> **Requirement**
Every line of the material must be restated exactly, though not its pictures.

> **Source material**

Start of Block

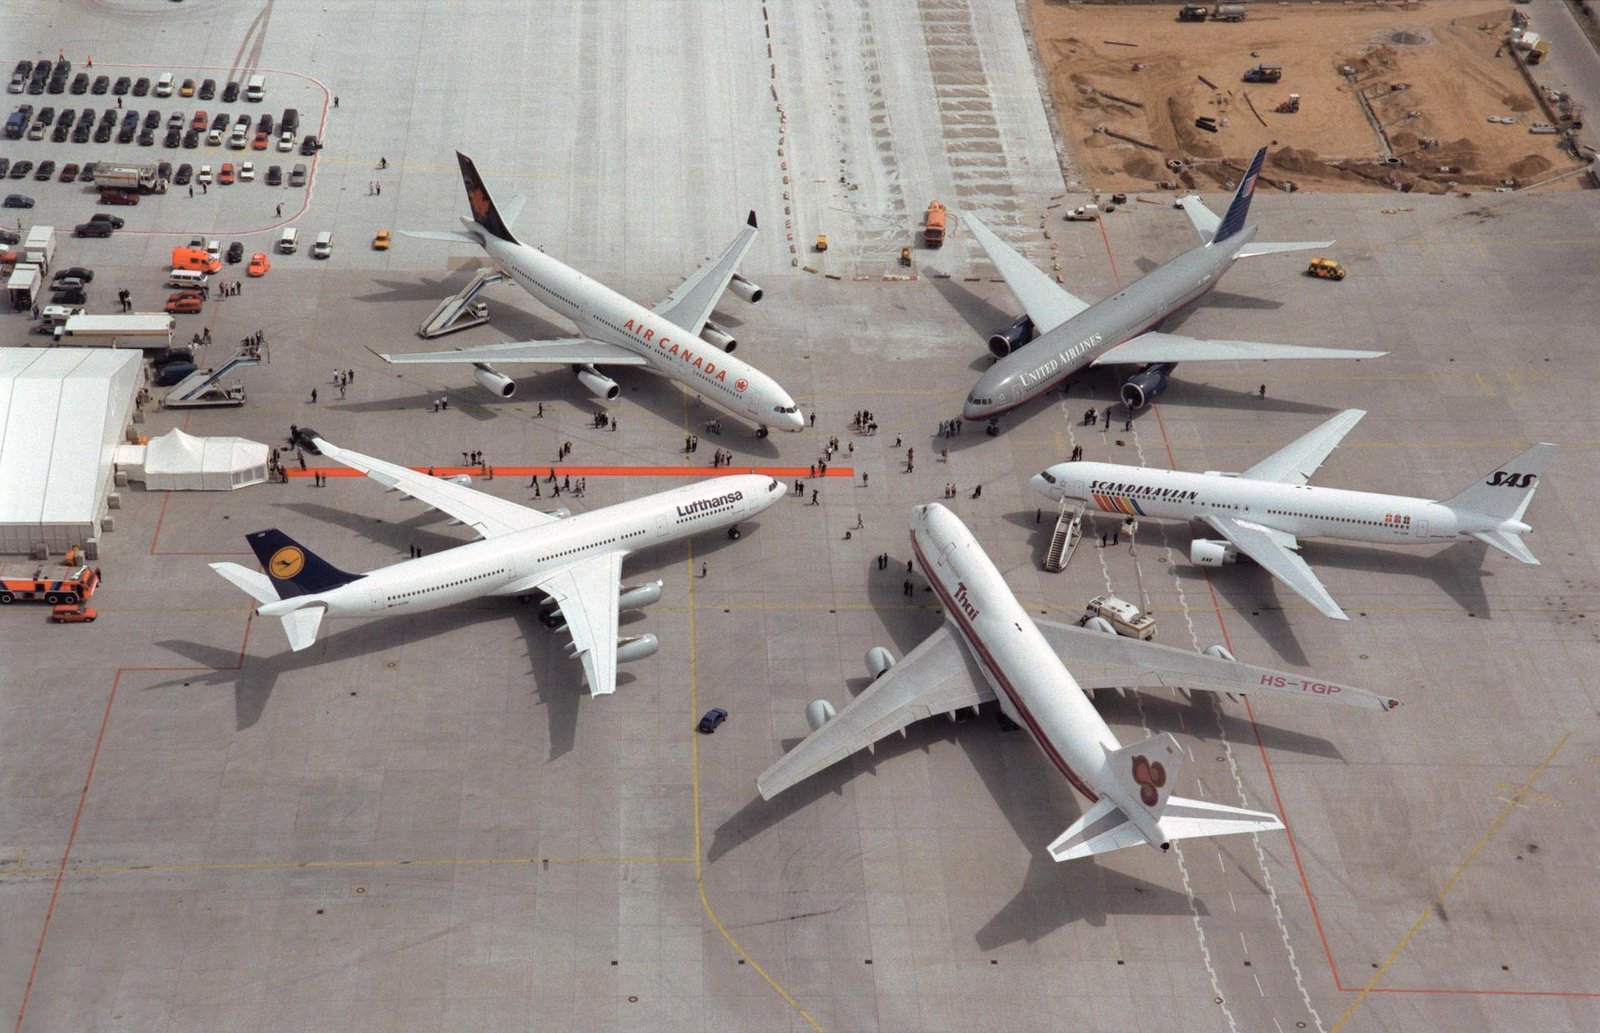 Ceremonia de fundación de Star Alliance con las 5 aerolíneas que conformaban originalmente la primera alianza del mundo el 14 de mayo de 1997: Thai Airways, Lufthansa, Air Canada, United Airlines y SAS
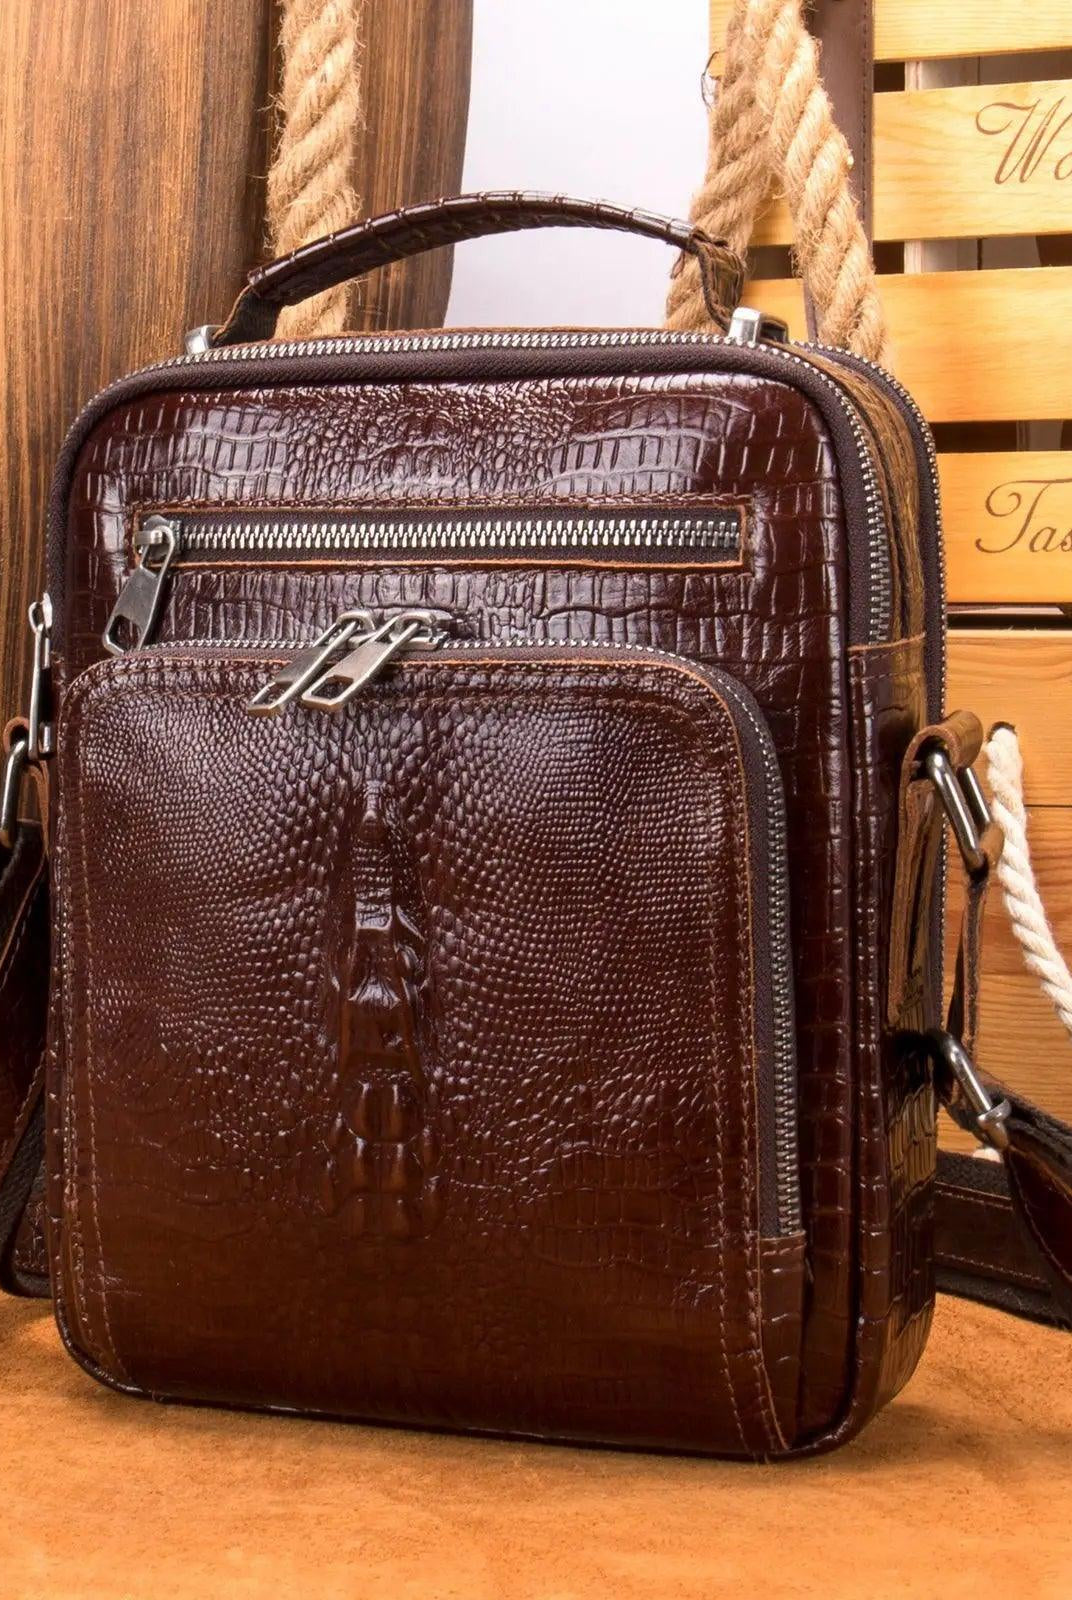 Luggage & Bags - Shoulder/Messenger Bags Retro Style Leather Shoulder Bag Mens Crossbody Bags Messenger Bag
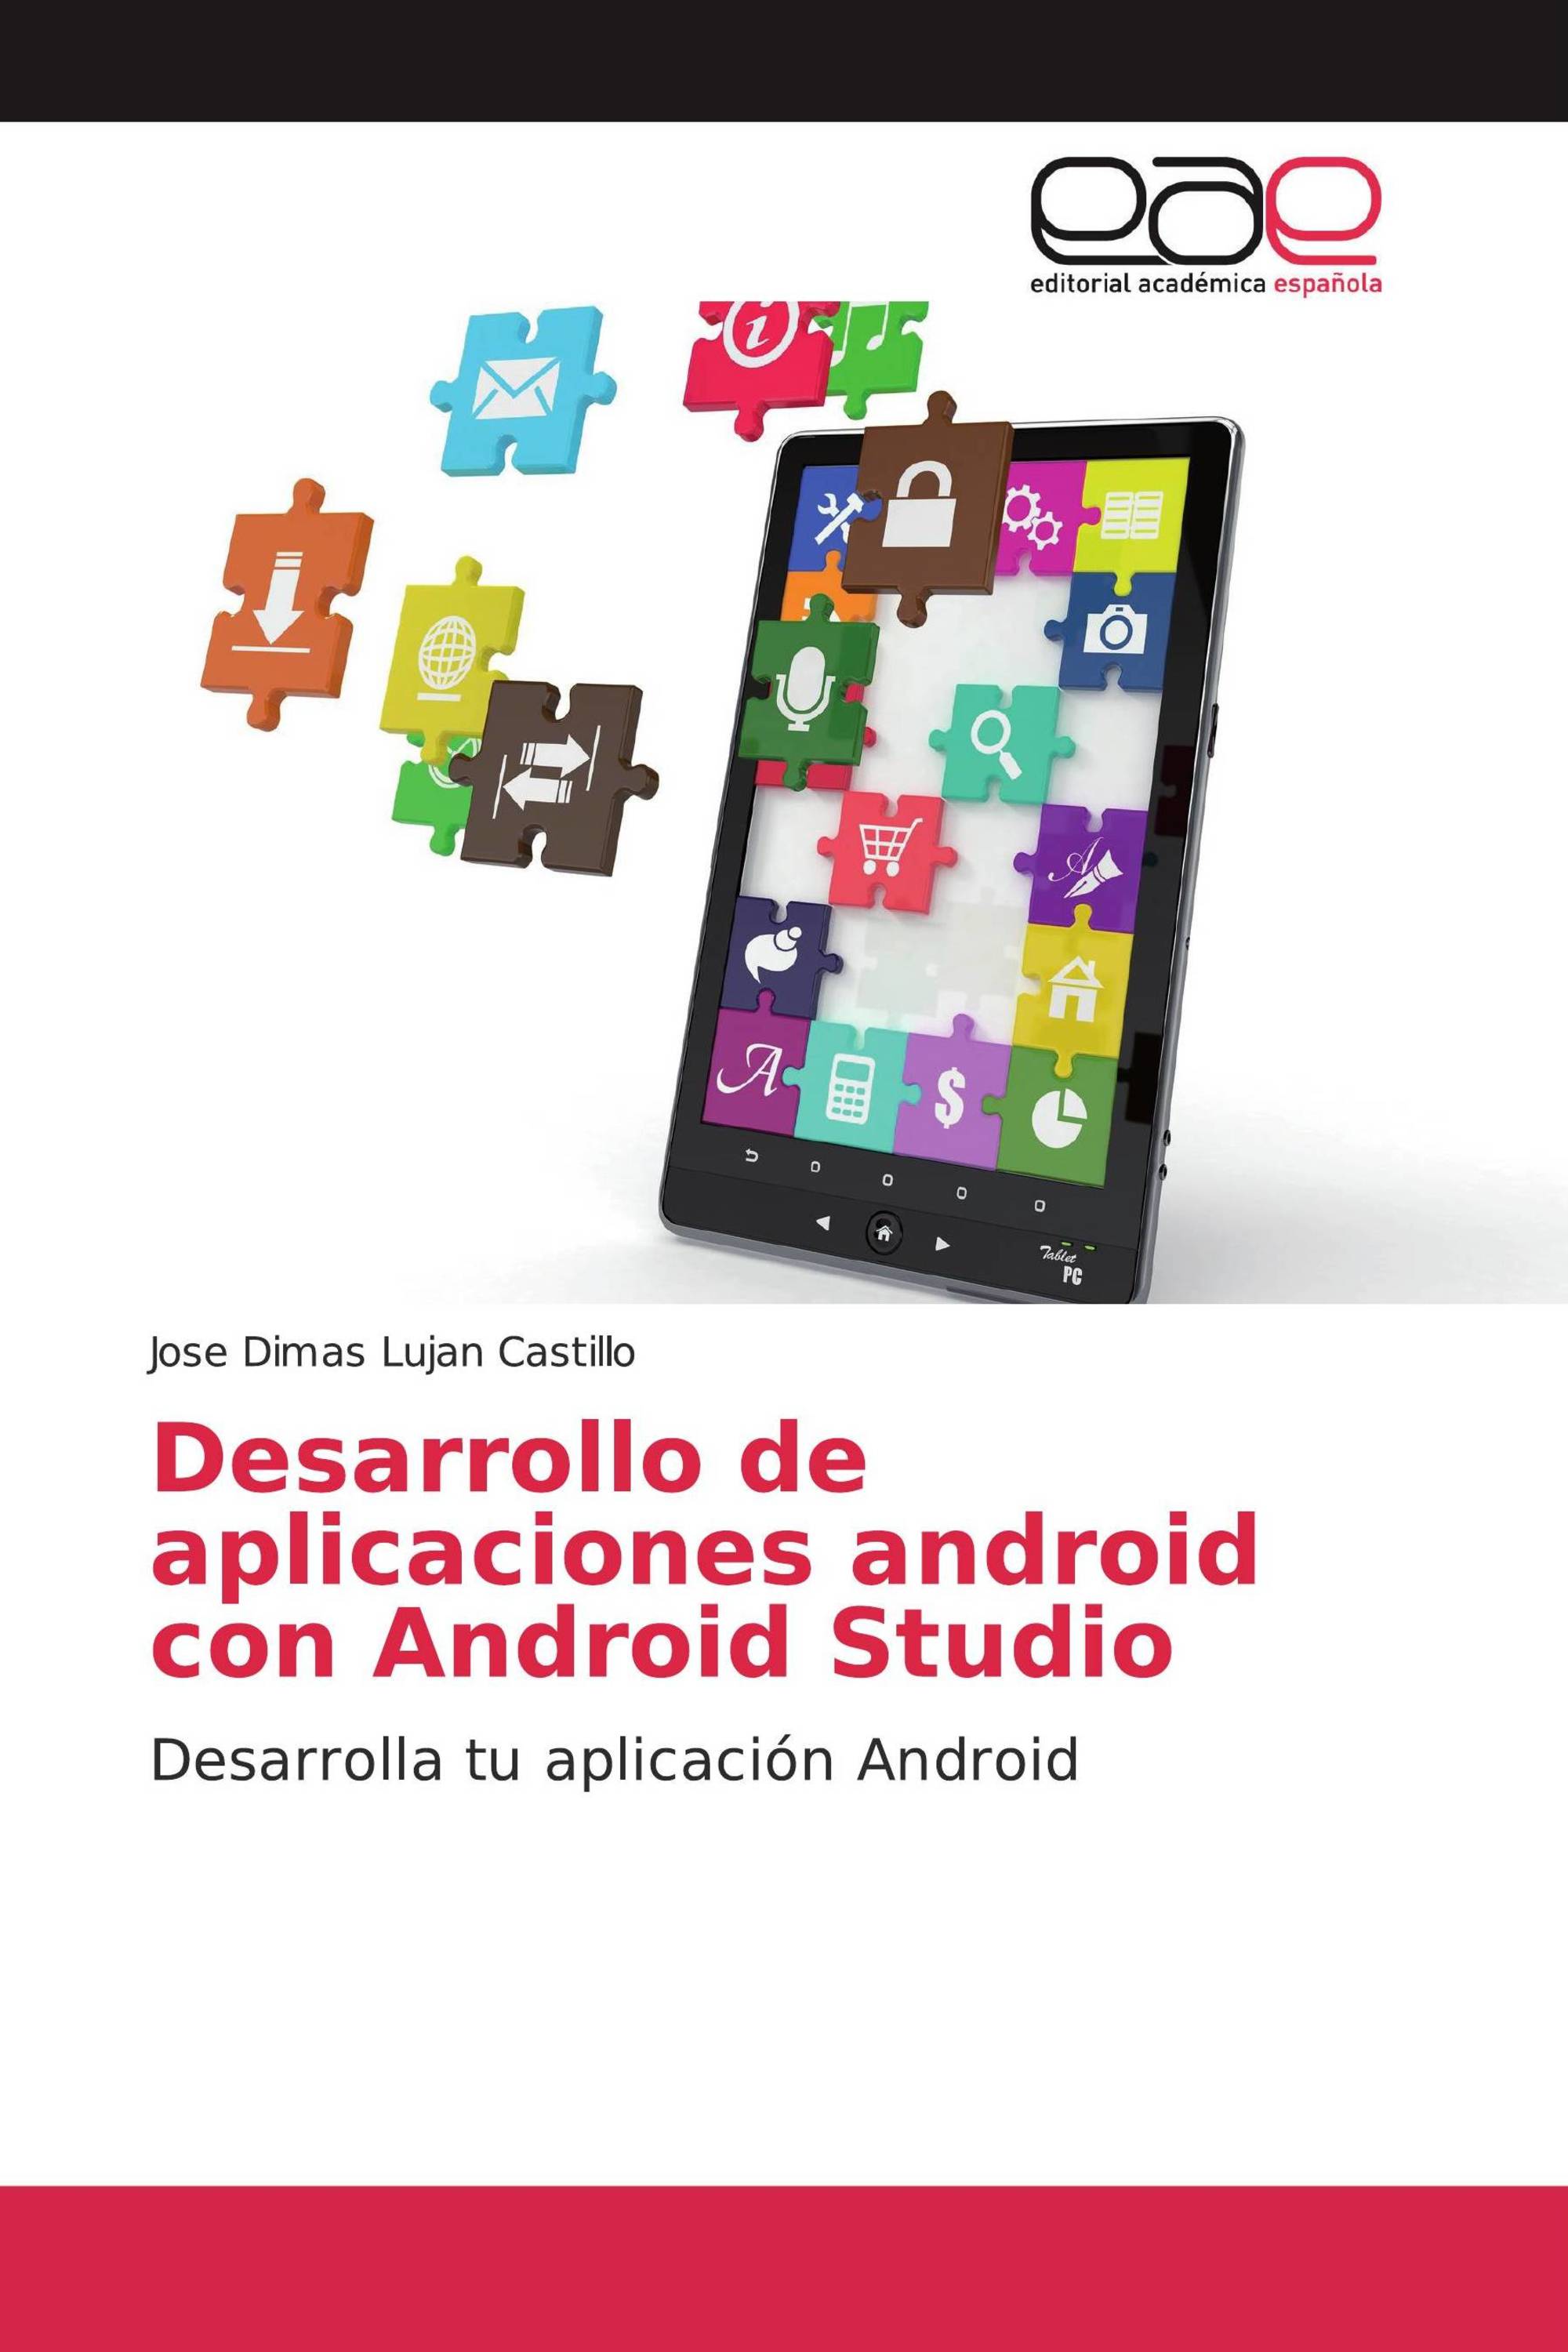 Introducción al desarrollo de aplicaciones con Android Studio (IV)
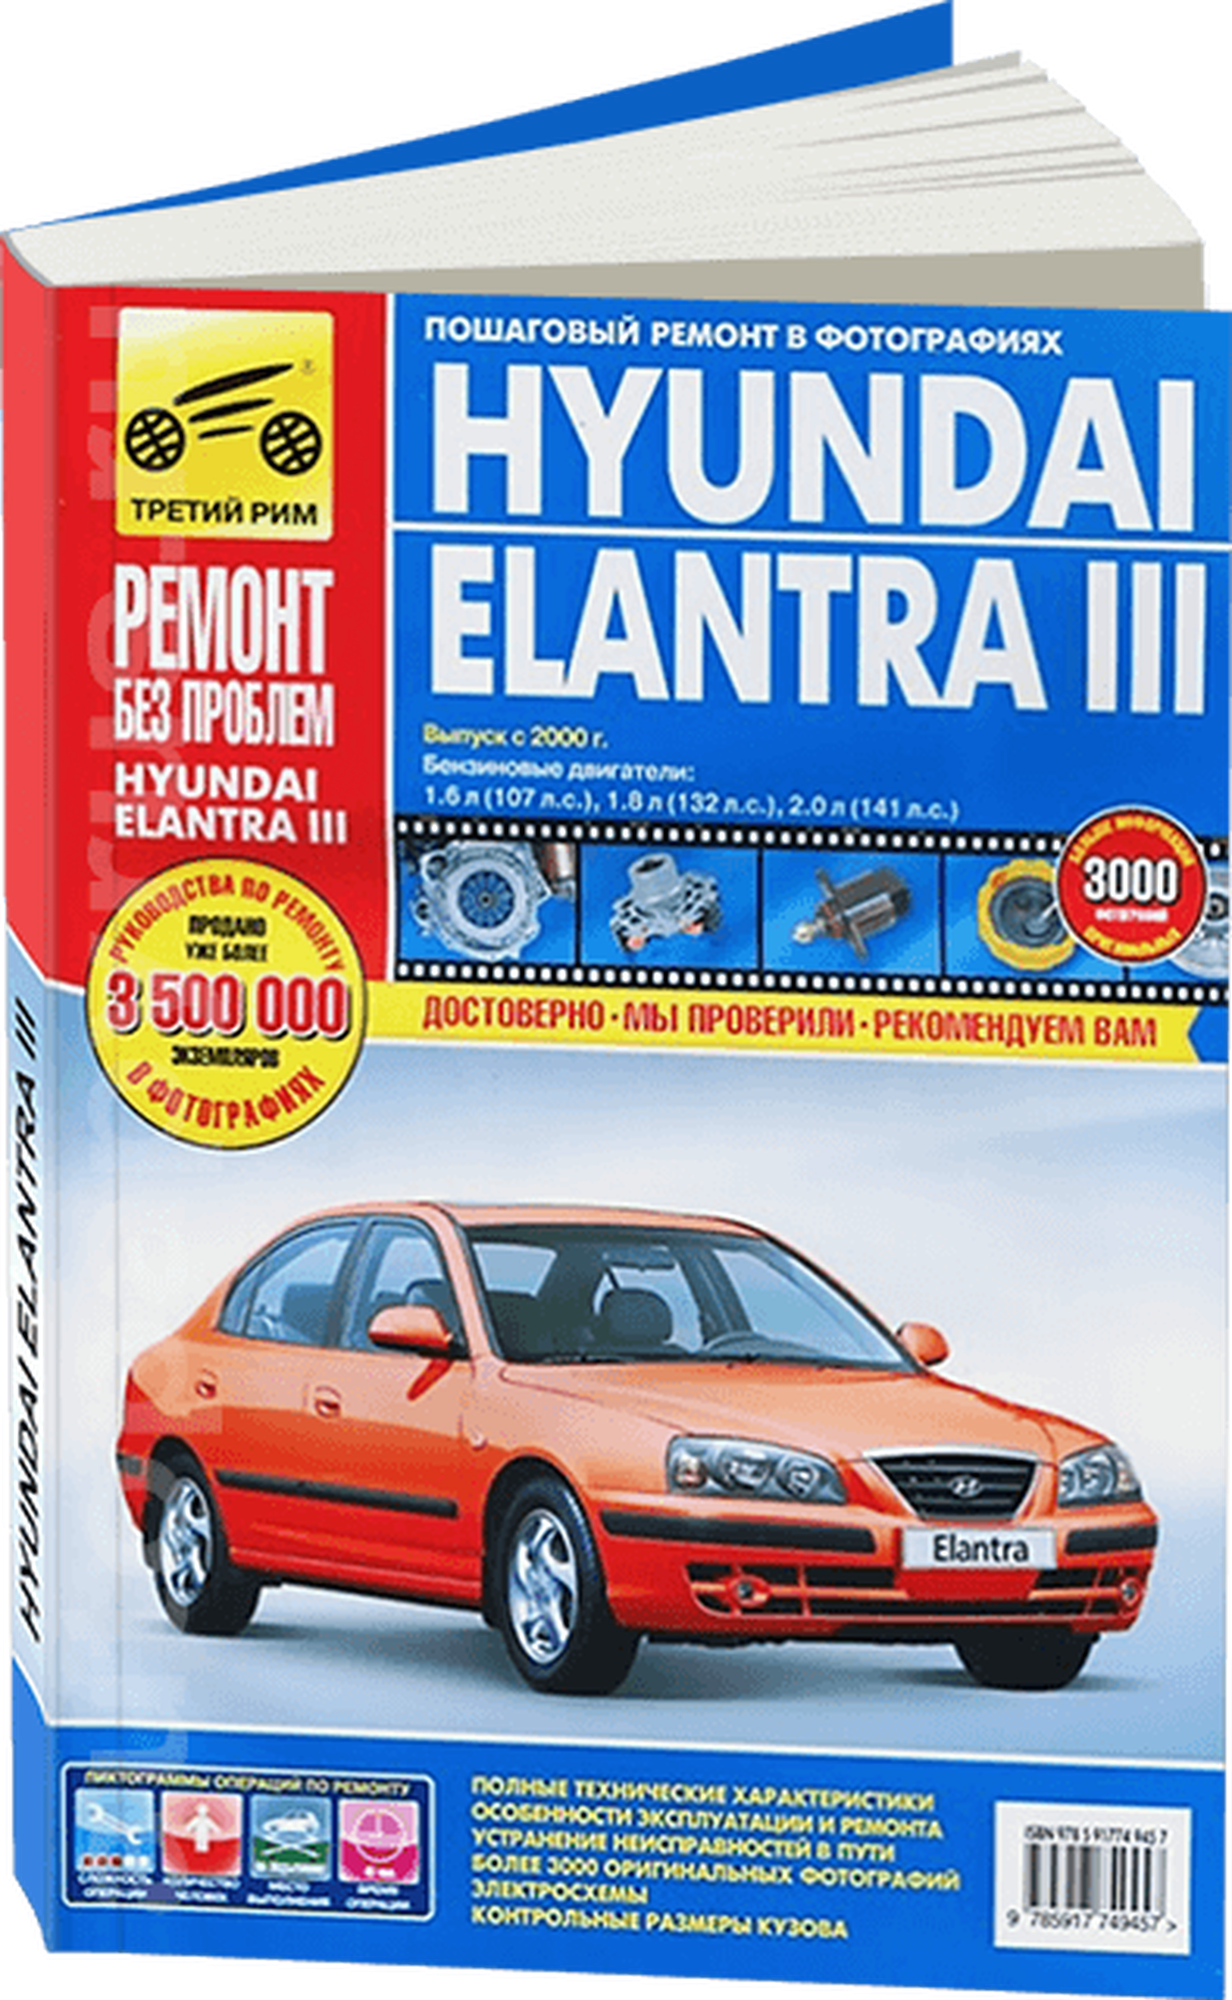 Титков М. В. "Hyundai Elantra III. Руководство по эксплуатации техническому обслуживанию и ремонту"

End of Block

> **Written response**
 Ceremonia de fundación de Star Alliance con las 5 aerolíneas que conformaban originalmente la primera alianza del mundo el 14 de mayo de 1997: Thai Airways, Lufthansa, Air Canada, United Airlines y SAS
 Luggage & Bags - Shoulder/Messenger Bags Retro Style Leather Shoulder Bag Mens Crossbody Bags Messenger Bag
 Introducción al desarrollo de aplicaciones con Android Studio (IV)
 Титков М. В. "Hyundai Elantra III. Руководство по эксплуатации техническому обслуживанию и ремонту"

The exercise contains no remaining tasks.